* _MATERIAL FOR THIS EXERCISE_:
= = =
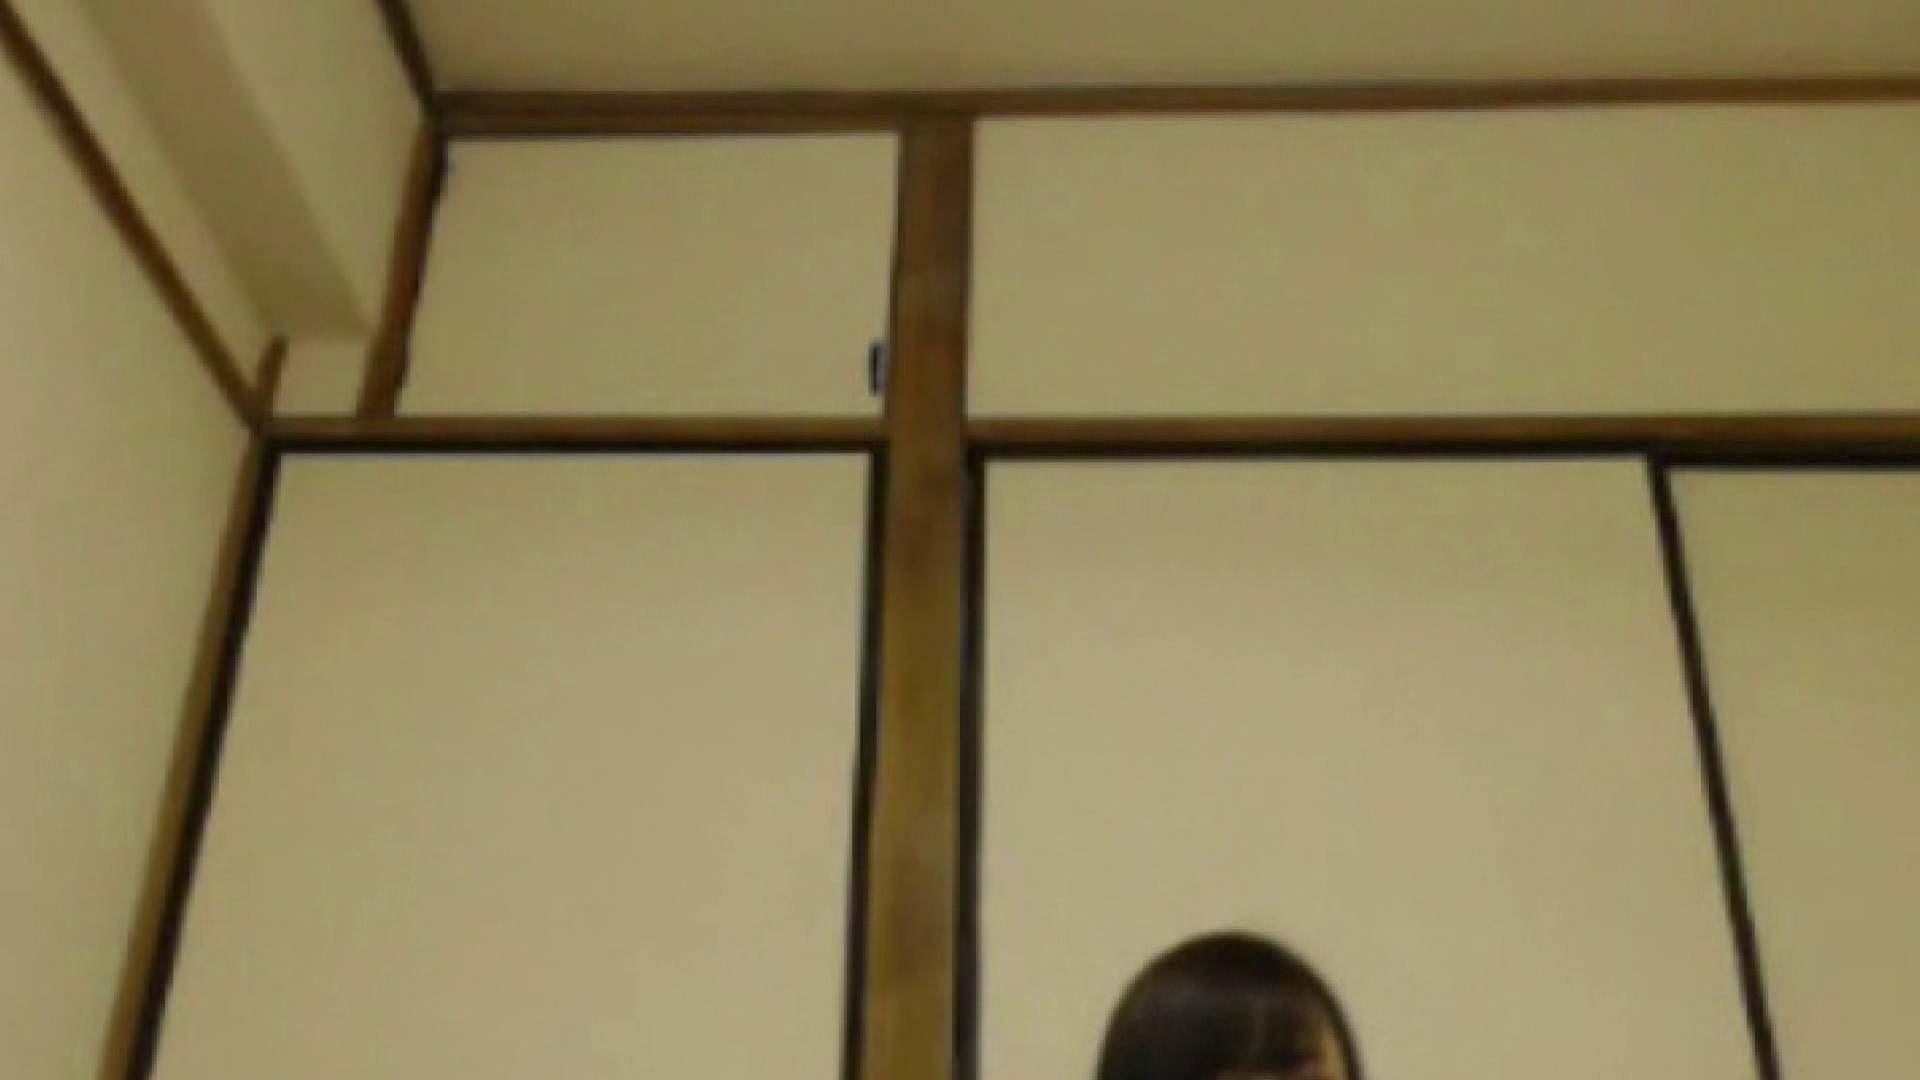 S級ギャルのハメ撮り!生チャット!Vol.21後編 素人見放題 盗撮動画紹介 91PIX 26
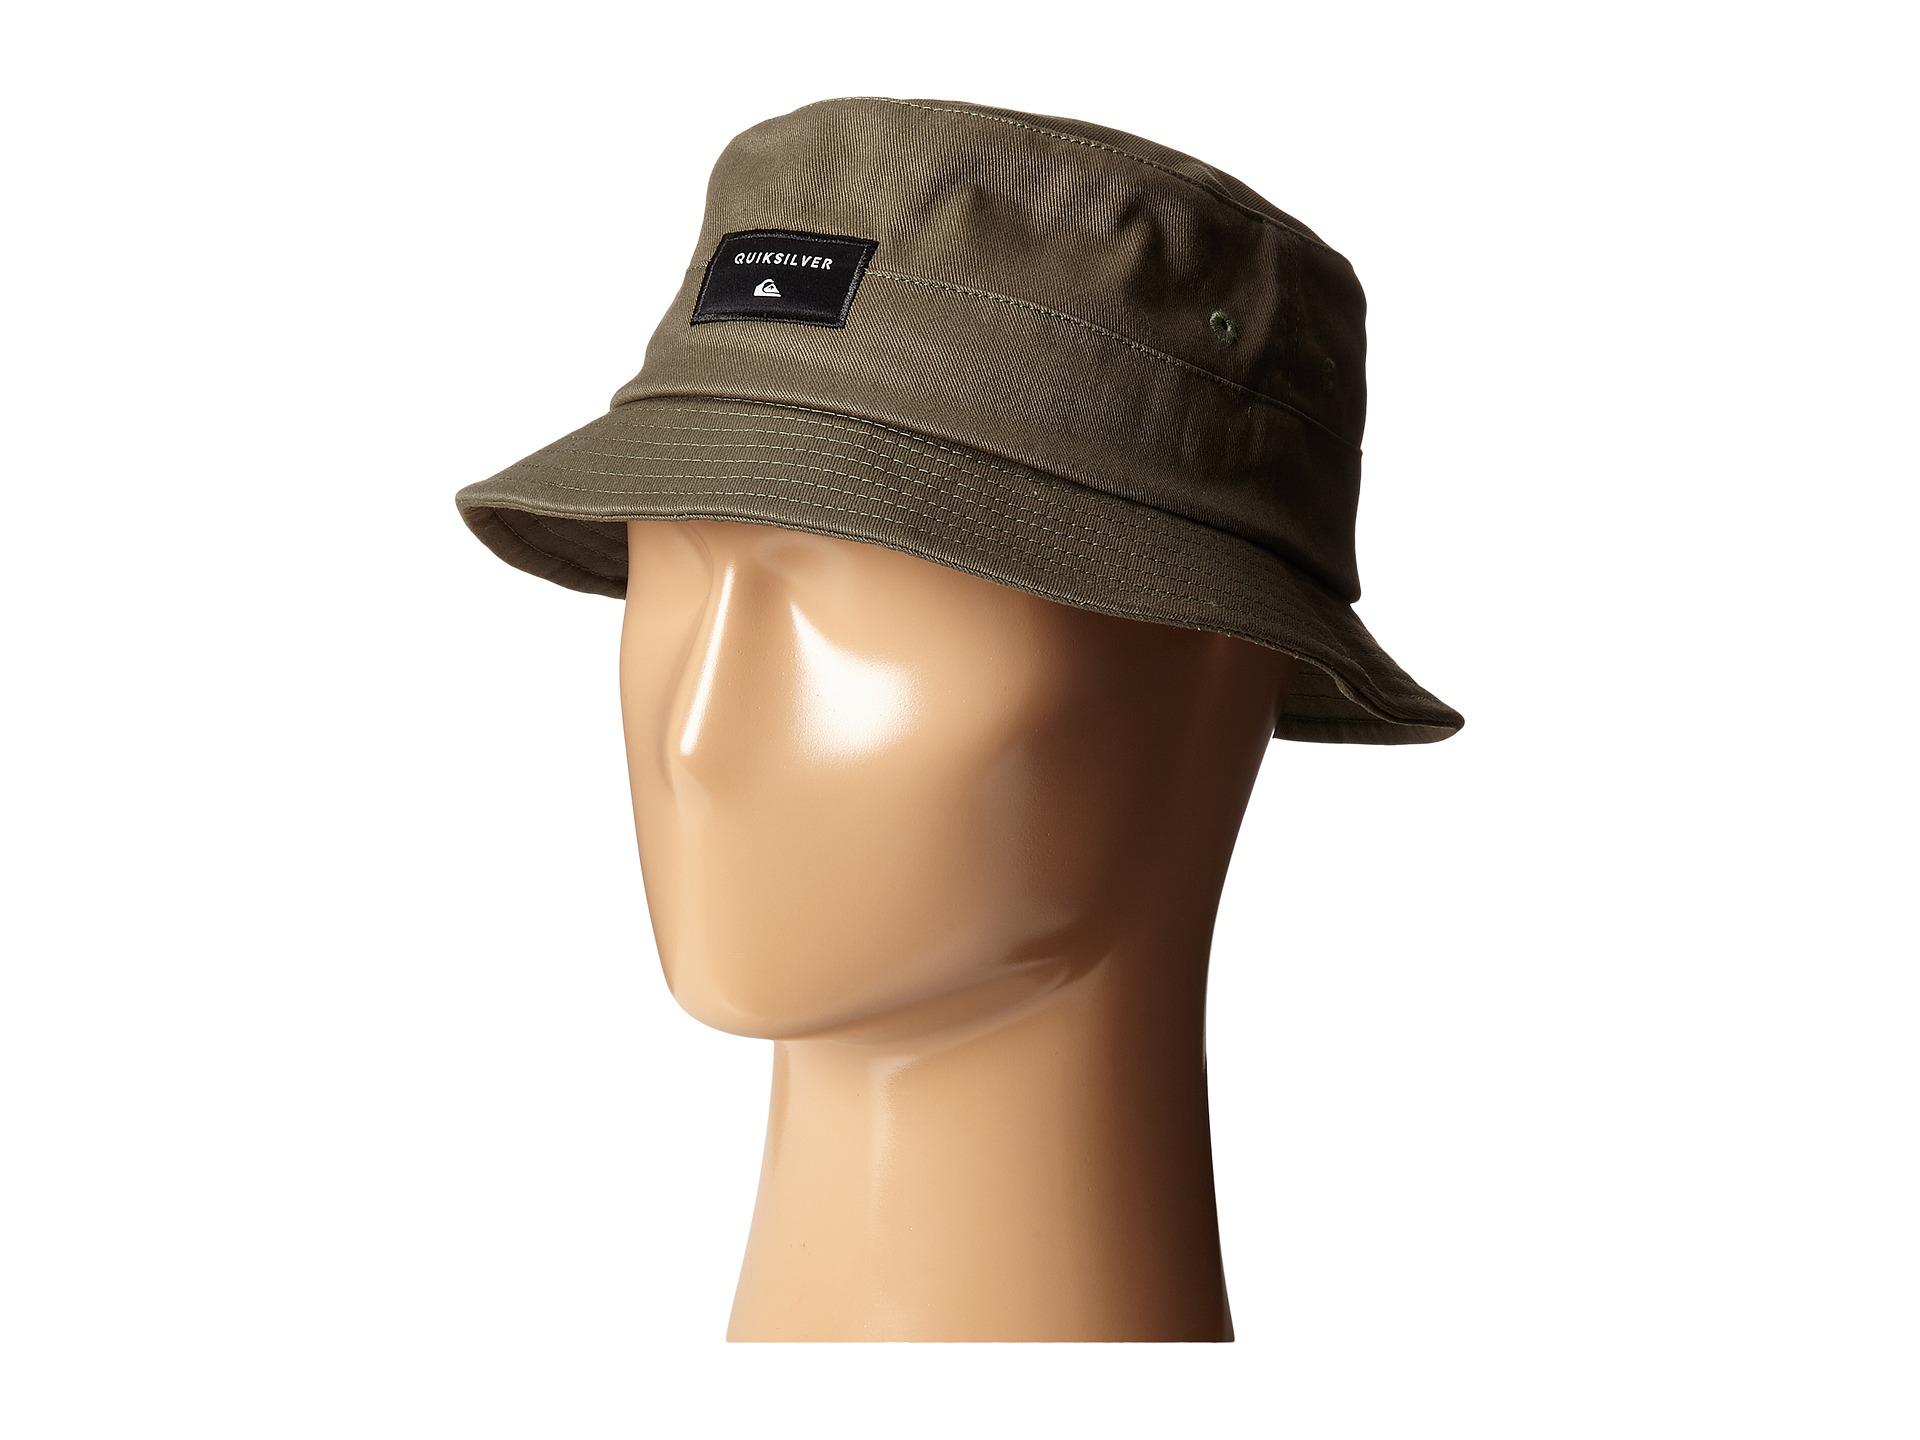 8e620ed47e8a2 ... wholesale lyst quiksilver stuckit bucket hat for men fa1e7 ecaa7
= = =
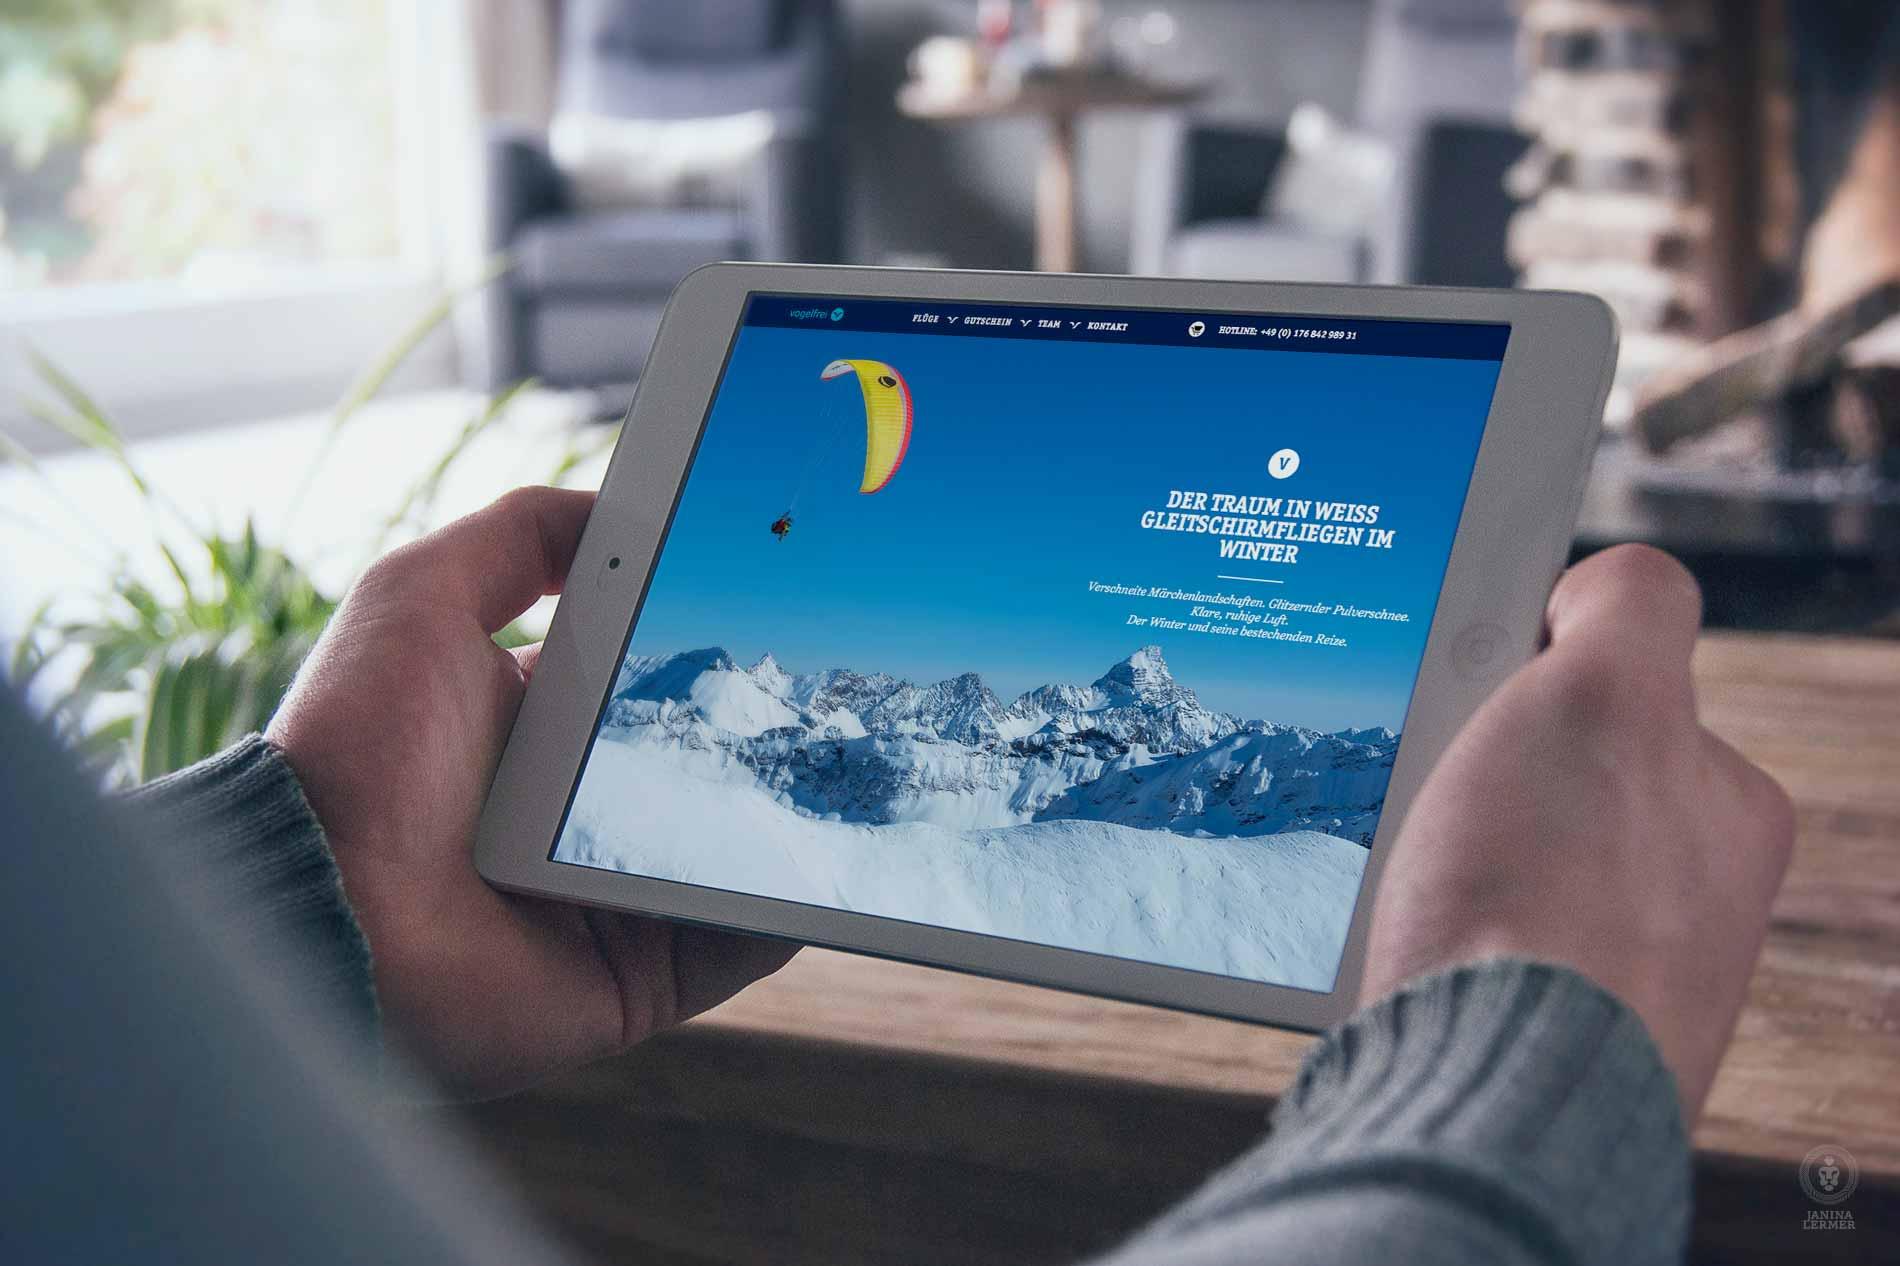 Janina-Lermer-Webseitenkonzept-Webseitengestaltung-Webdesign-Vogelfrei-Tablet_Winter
= = =
* _BRIEF_: Copy out the listing above from the line containing "S級ギャルのハメ撮り!生チャット!Vol.21後編 素人見放題 盗撮動画紹介" to the line containing "8e620ed47e8a2 ... wholesale", both included, exactly as written and minus the images.

* _EXERCISE SOLUTION_:
 S級ギャルのハメ撮り!生チャット!Vol.21後編 素人見放題 盗撮動画紹介 91PIX 26
 8e620ed47e8a2 ... wholesale lyst quiksilver stuckit bucket hat for men fa1e7 ecaa7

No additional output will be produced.